Monday, January 25, 2021

A Rebuttal to The 8 (Actually 11) Way's Millennials Accidently Ruin Their Finances, by FinanceBuzz

 I spend too much time on Facebook. Can you really blame me? I'm a social butterfly who run a quasi-legal advice blog, of course, I check Facebook often. It was while checking Facebook recently that this sponsored ad popped up on my feed. 




BS articles like this were the inspiration for Financial Pro-Tip, and I haven't really been seeing many of them recently. But I wanted to take this article, rip it apart piece by piece, and save you the trouble of actually reading it and, god forbid, giving this creeps more money. 

Let's begin. 


1. Don't overpay when you shop online.


Fun Fact: They don't offer any actual advice other than to get a capital one credit card. This won't actually save you money, but marketing this crap is the only reason for this article's existence.

2. Not Investing Enough


This tip is an ad for Stash, a micro-investing tool. Remember, the stock market is just a massive casino for the ultrawealthy, and apps like Stash, Robinhood, and the 401K, are all designed to give the working class the illusion that they are in any way connected to the stock market.

3. Overpaying for Car Insurance.


Yeah, probably, but this is still an ad for Financebuzz.
That said, feel free to shop around for car insurance. By law, you can leave and join a new company at any point, and insurance companies will often undercut each other to get you as a customer. Pitch the capitalists against each other, and in the end, you win.

4. Not getting life insurance when you're young.



Life insurance is largely a scam. They will do everything they can to avoid paying out, and since you, the person most familiar with the policy, will be dead, it's very easy for the insurance company to deny a payout.
Also, this is an ad for Bestow.

5. Paying Interest in 2021


*Stares at my student loan interest rates. Rate*s*, plural, multiple interest rates on my multiple student loans*
It's an ad for American Express.

6. Forgetting to Negotiate.




Okay, this one looks good, but hold on...let me check,
Okay, it's an ad for Truebill.
But really, always negotiate. A lot of places set quotas for the customer service team. They want you as a customer, and they're willing to undercut their prices. Most of how they make their money, in the end, is going to be the hidden fees and figures, so you might as well cut costs somewhere.

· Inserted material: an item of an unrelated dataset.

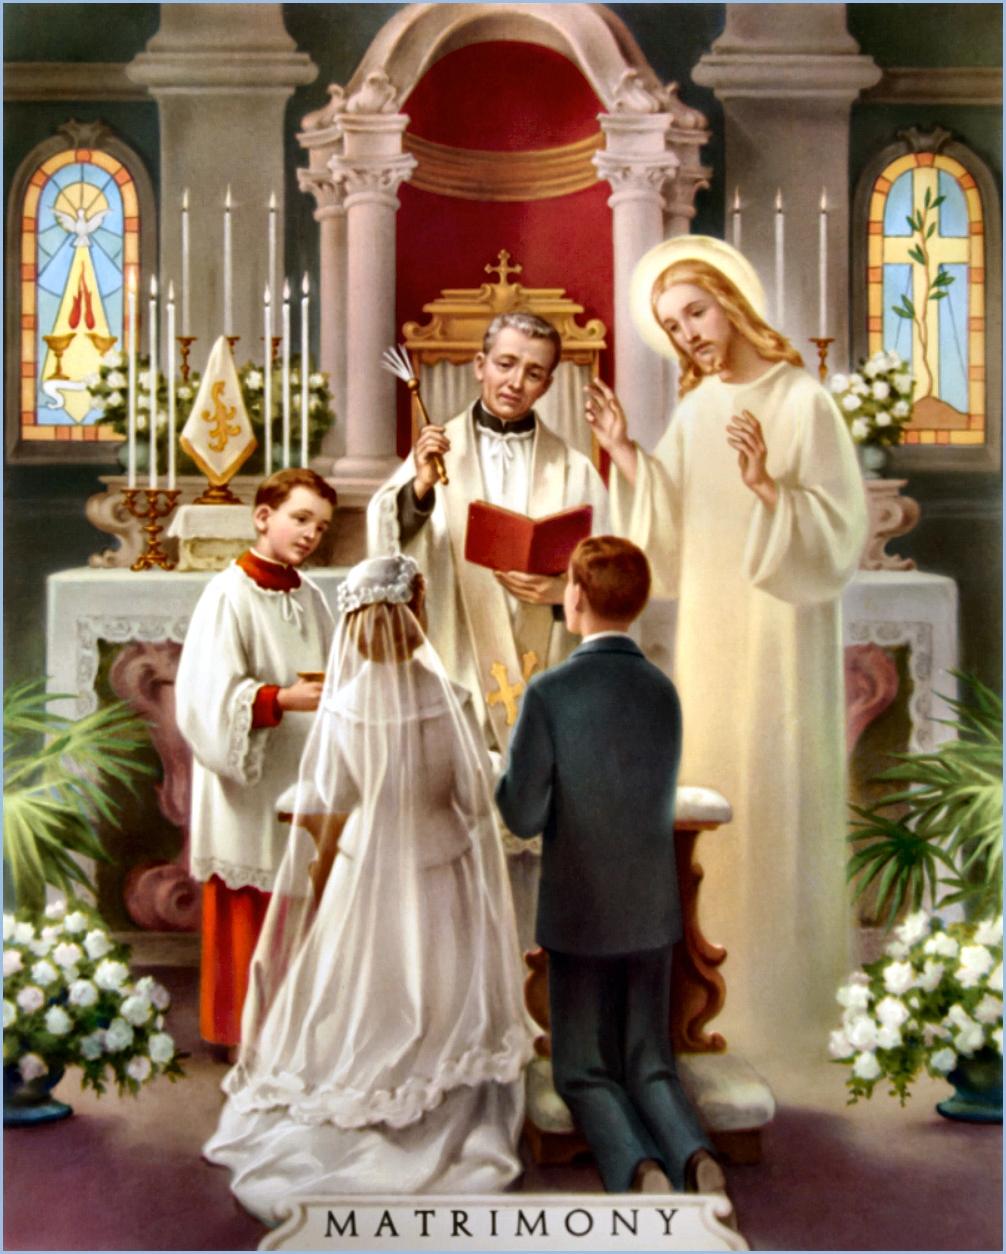 Matrimonio Catolico Tradicional : La verdadera forma y materia de los sacramentos catÓlicos
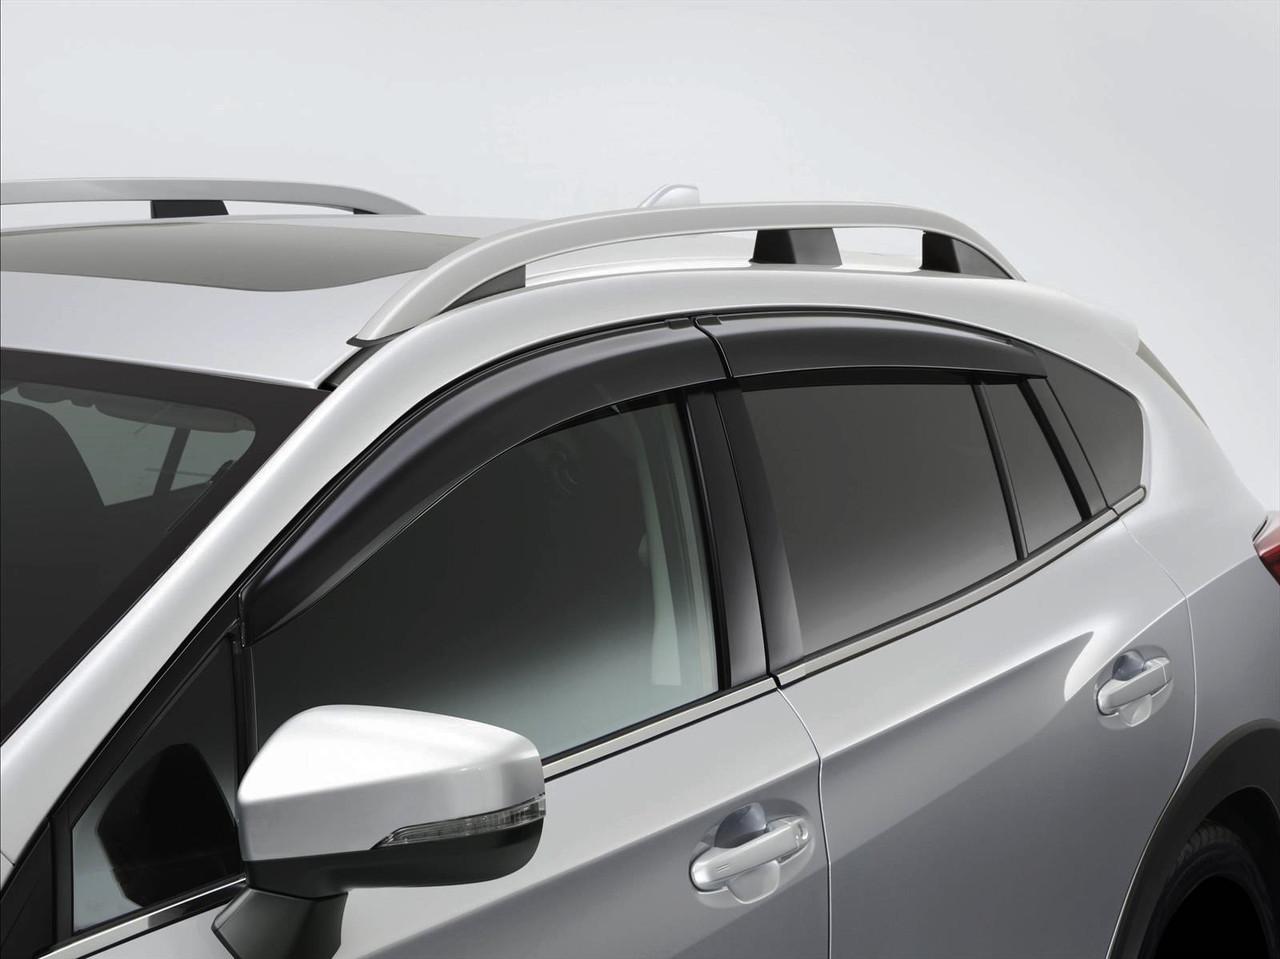 Дефлекторы окон (ветровики) SUZUKI SX4 (hatchback) 2006 - 2013  (ANV)

7. Not having a healthy emergency fund.




The minimum wage, by federal law, is still $7.50 an hour. There is not a single state in the United States where you can afford an apartment on the minimum wage for 40 hours. How the heck are you also supposed to have an emergency account?

8. Not taking simple steps to improve your credit.




This is an Ad for Experian boost. You remember Experian? The company that had a massive data breach and leaked all your personal info to hostile foreign powers? Well now, if you bribe them, they'll increase your credit. No really. Credit is a joke.

Edit: My brother helpfully reminded me that it was Equifax that had the breach and not Experian.  He adds: "1/5 Credit Reports have a small error on it. 1/20 have a major error. Now that employers and landlords are looking at credit, Experian is like tolling a d20 and being unable to find work or housing on a nat 1. Fuck Credit Bureaus." 

9. Get spotted up to $100* if your account balance runs low.




I had to do a doubletake, but both the banner above and the headline in the article both say 8, but there are actually 11 ads here.
This one is an ad for chime, and it seems sketch as hell. No* Hidden* Fees* and we'll* front* you* $100* if your balance* gets too low* * *.
This ad has more asterisks than a redacted transcript of an episode of the Osbournes.

10. Not saving an average of $83^2 per month on refinancing.




The article actually has $83 squared in the headline. It's a baffling typo. How do you accidentally hit the square root key on a qwerty keyboard?
$83 squared would be $6,889 a month. The writing in this article is so bad that it's begun to ruin math as well.

Bonus: #11 Get Smarter about money in just five minutes a day.




It's the sign up for their newsletter hard pass.

What an absolute dumpster fire of an article. I'm sure Financebuzz made decent money writing it, what with all the corporate sponsors. What's distressing is that we're once again perpetuating the myth that Millenials are bad with money, and not that Millenials came of age between the two worst economic collapses of the past half-century, graduating with college degrees that have been hyperinflated since our grandparents went to school, into a job market with diminished union presences that treat them as disposable commodities.

Want some real advice? Don't ever spend money on a service that promises to help you make more money. How's that for a Financial Pro-Tip?